» What the task asks
Print only the lines below from the one with "ダークめで壮大なイメージのHIPHOPの再生済みの波形" to the one with "Горшок-кашпо Альтернатива Горошек, цвет: зеленый, белый, 2", both included, exactly as they stand. Leave pictures out.

» Information
★ ★ ★ ★ ★

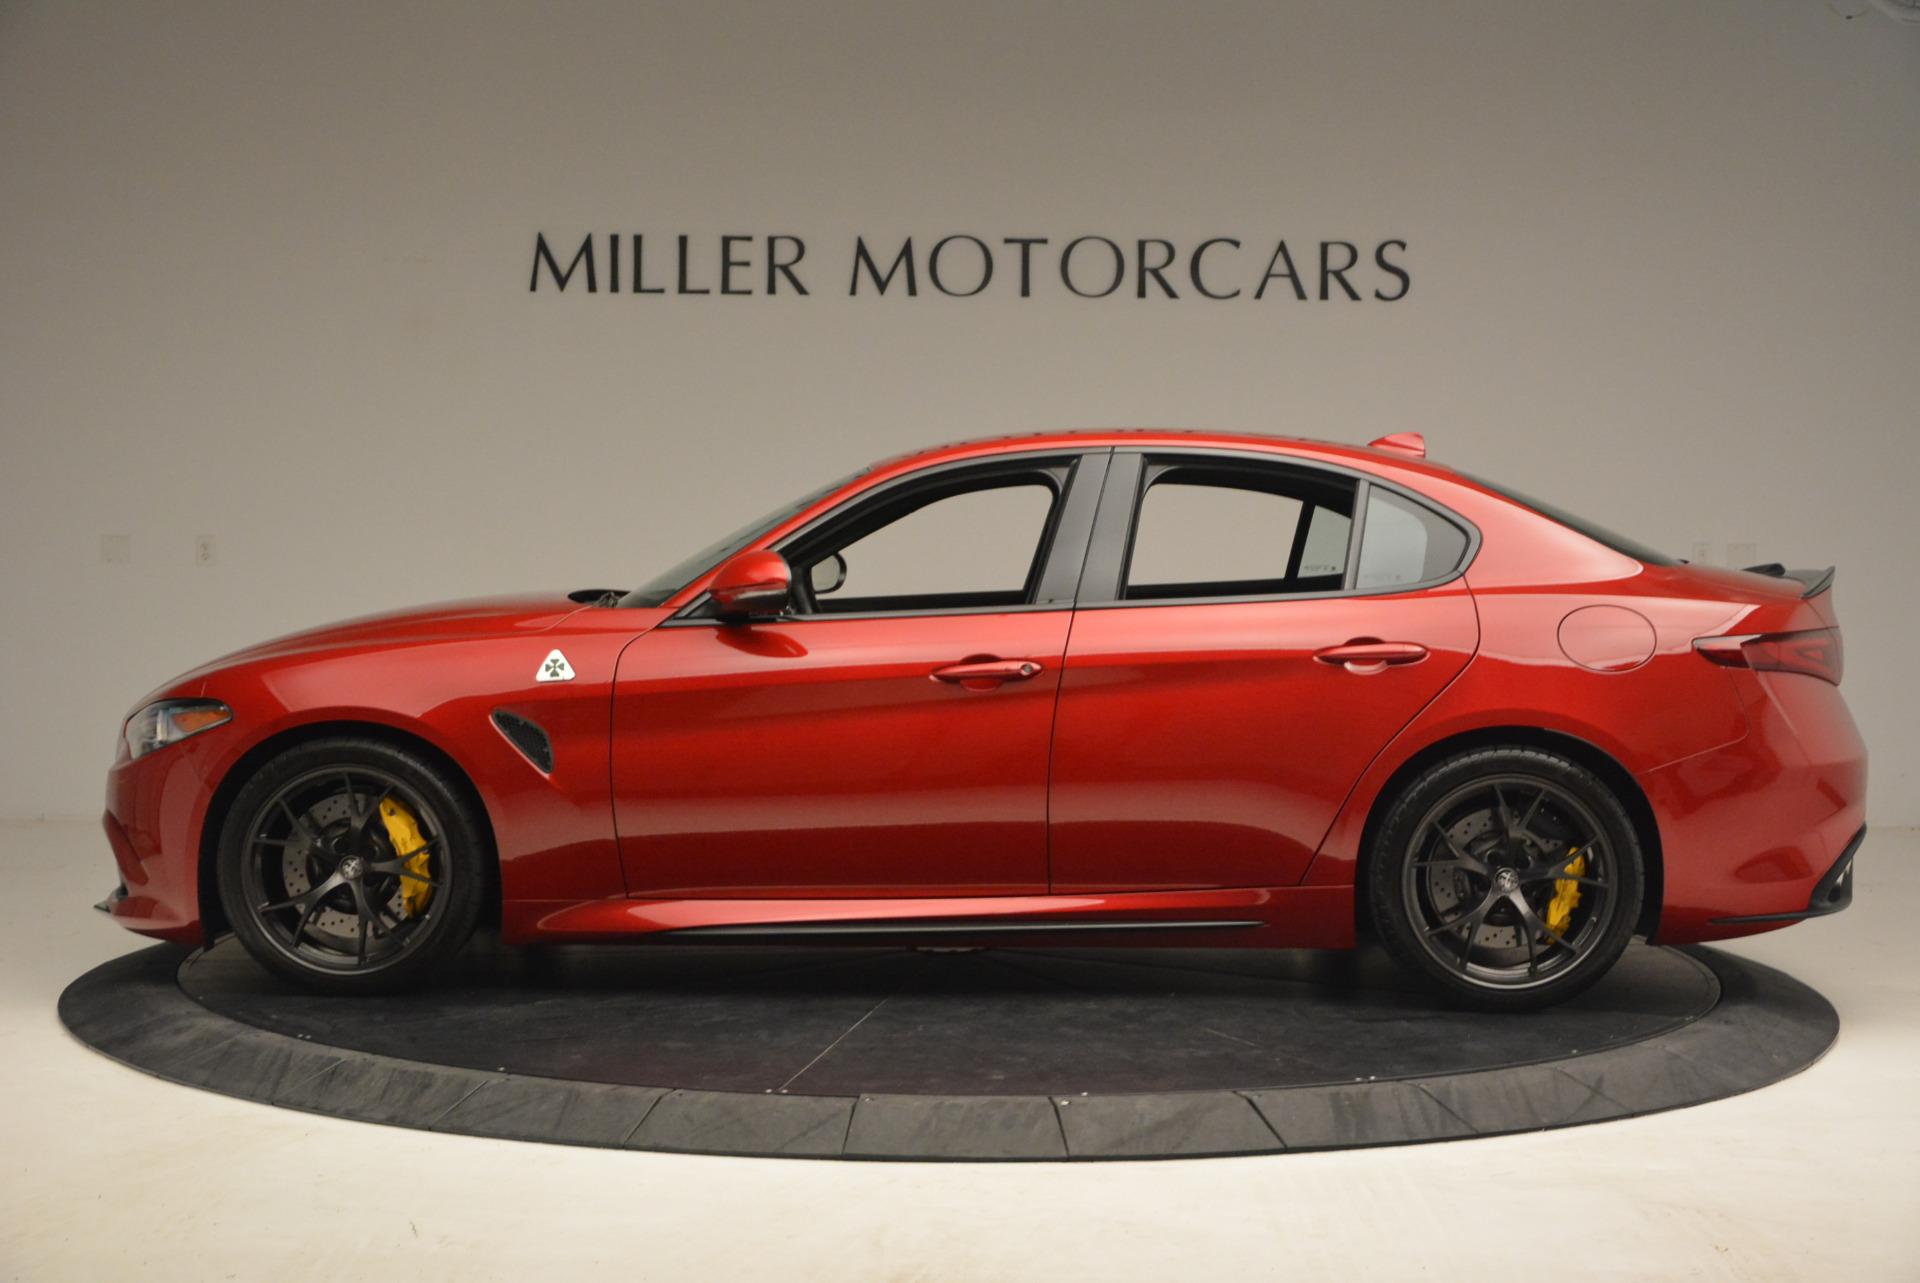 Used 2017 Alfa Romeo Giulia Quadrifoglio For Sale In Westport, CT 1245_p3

★ ★ ★ ★ ★

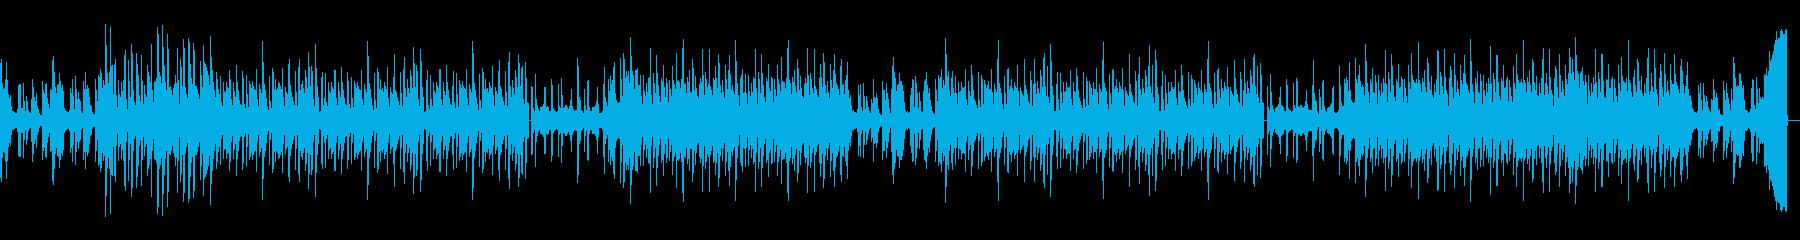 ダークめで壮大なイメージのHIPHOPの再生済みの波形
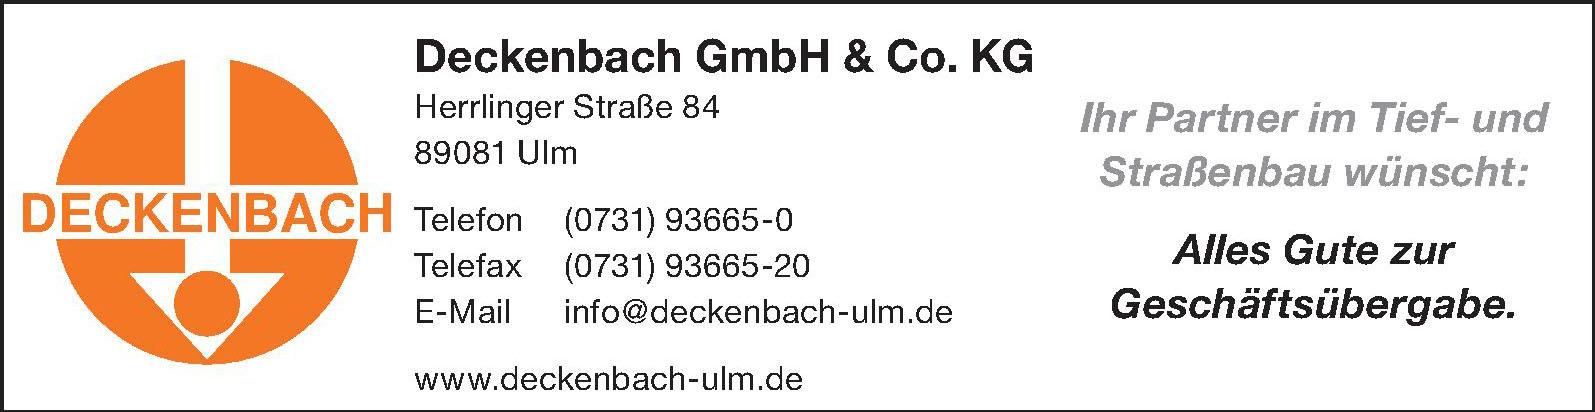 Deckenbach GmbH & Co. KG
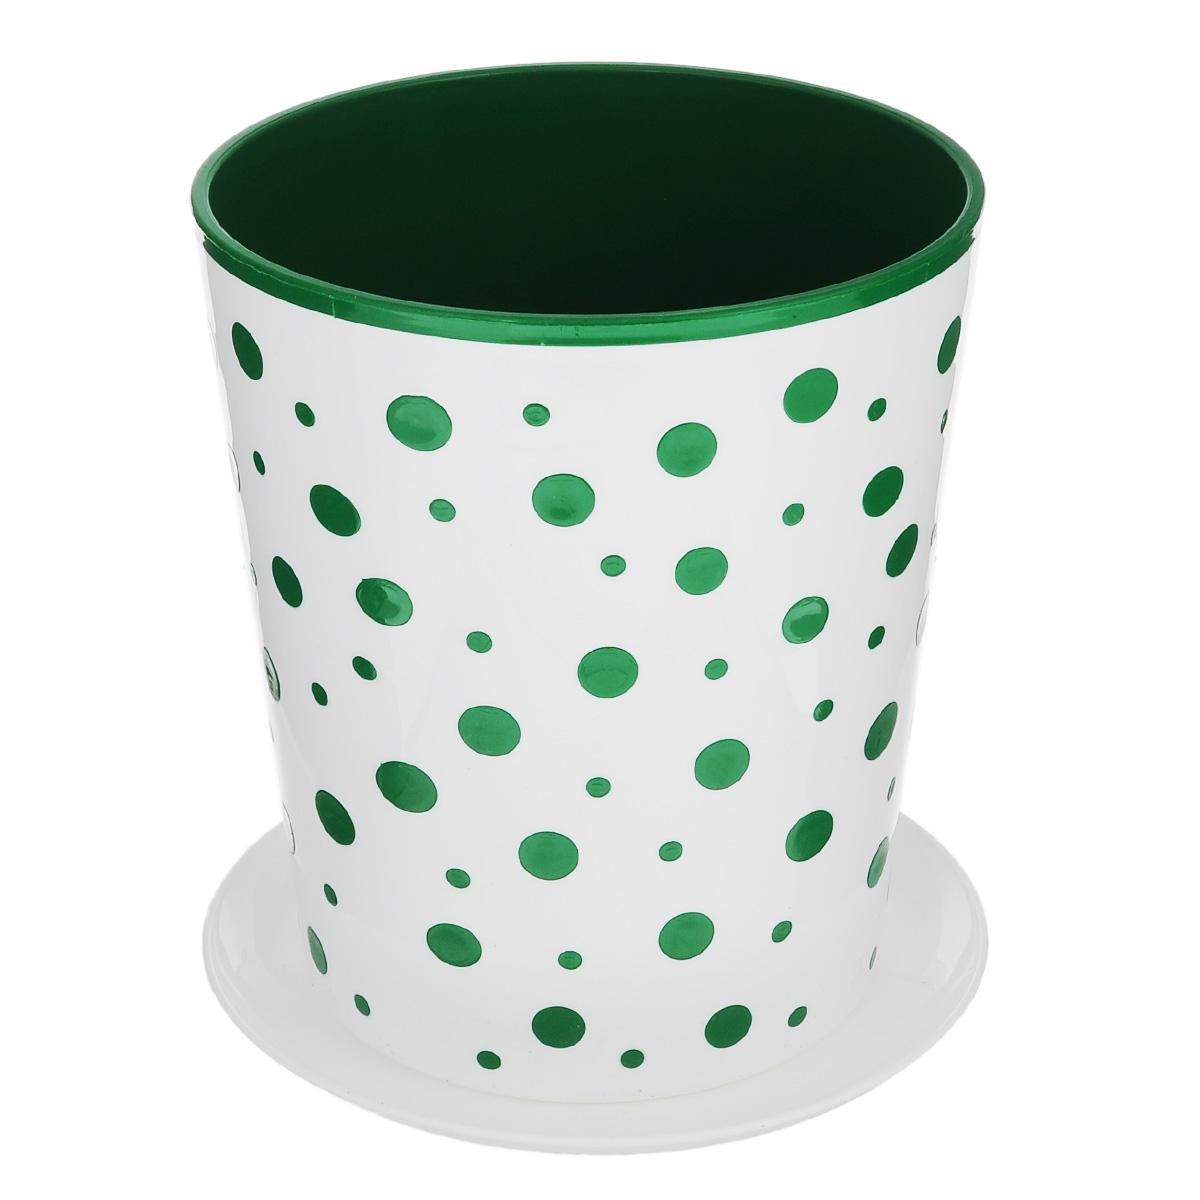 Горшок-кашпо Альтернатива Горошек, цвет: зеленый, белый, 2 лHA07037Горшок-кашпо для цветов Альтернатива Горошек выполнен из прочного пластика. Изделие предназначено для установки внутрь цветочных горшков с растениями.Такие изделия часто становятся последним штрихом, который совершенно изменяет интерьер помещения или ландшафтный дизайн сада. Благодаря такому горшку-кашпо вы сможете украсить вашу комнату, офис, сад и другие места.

★ ★ ★ ★ ★

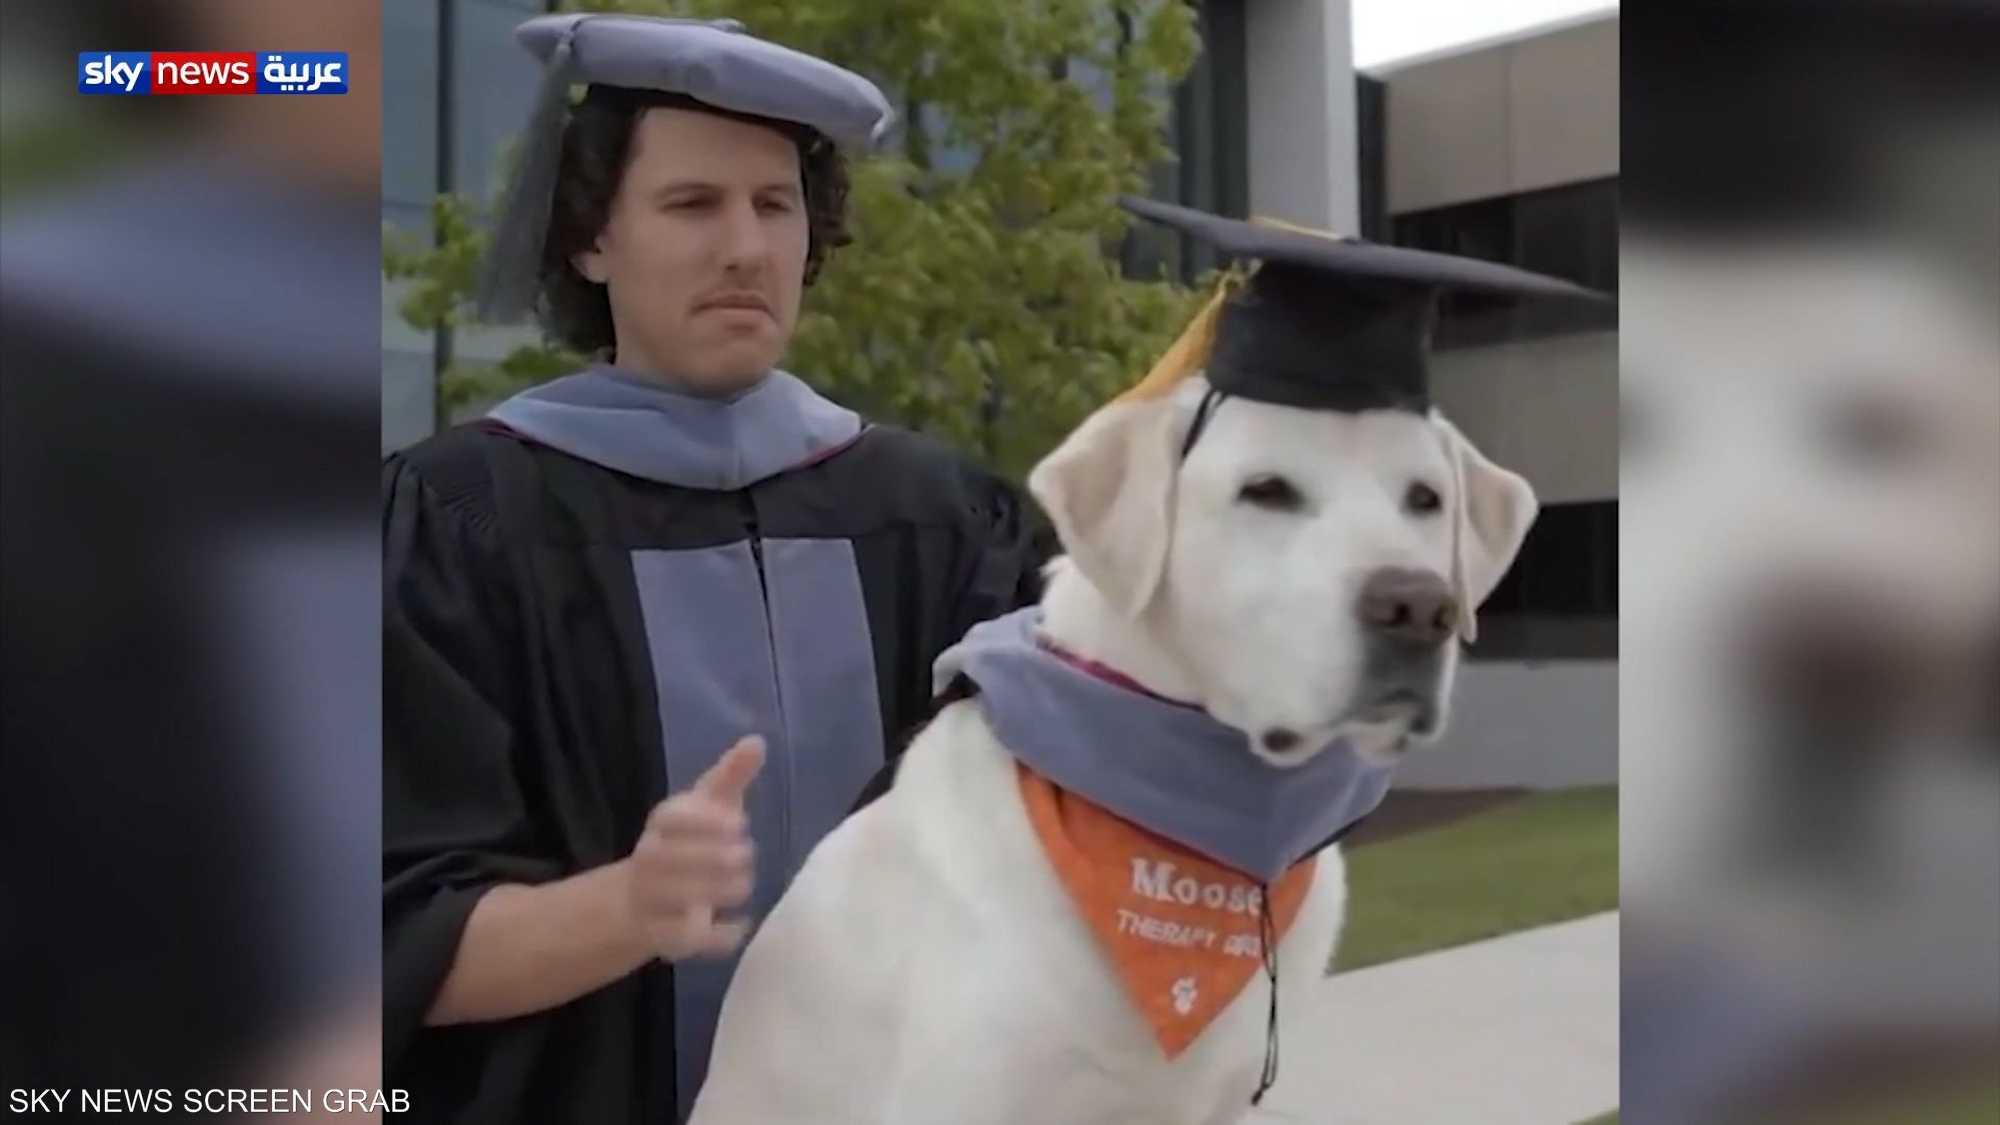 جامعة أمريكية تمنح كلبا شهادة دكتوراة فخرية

★ ★ ★ ★ ★

» Task response
 ダークめで壮大なイメージのHIPHOPの再生済みの波形
 Deckenbach GmbH & Co. KG
 Горшок-кашпо Альтернатива Горошек, цвет: зеленый, белый, 2 лHA07037Горшок-кашпо для цветов Альтернатива Горошек выполнен из прочного пластика. Изделие предназначено для установки внутрь цветочных горшков с растениями.Такие изделия часто становятся последним штрихом, который совершенно изменяет интерьер помещения или ландшафтный дизайн сада. Благодаря такому горшку-кашпо вы сможете украсить вашу комнату, офис, сад и другие места.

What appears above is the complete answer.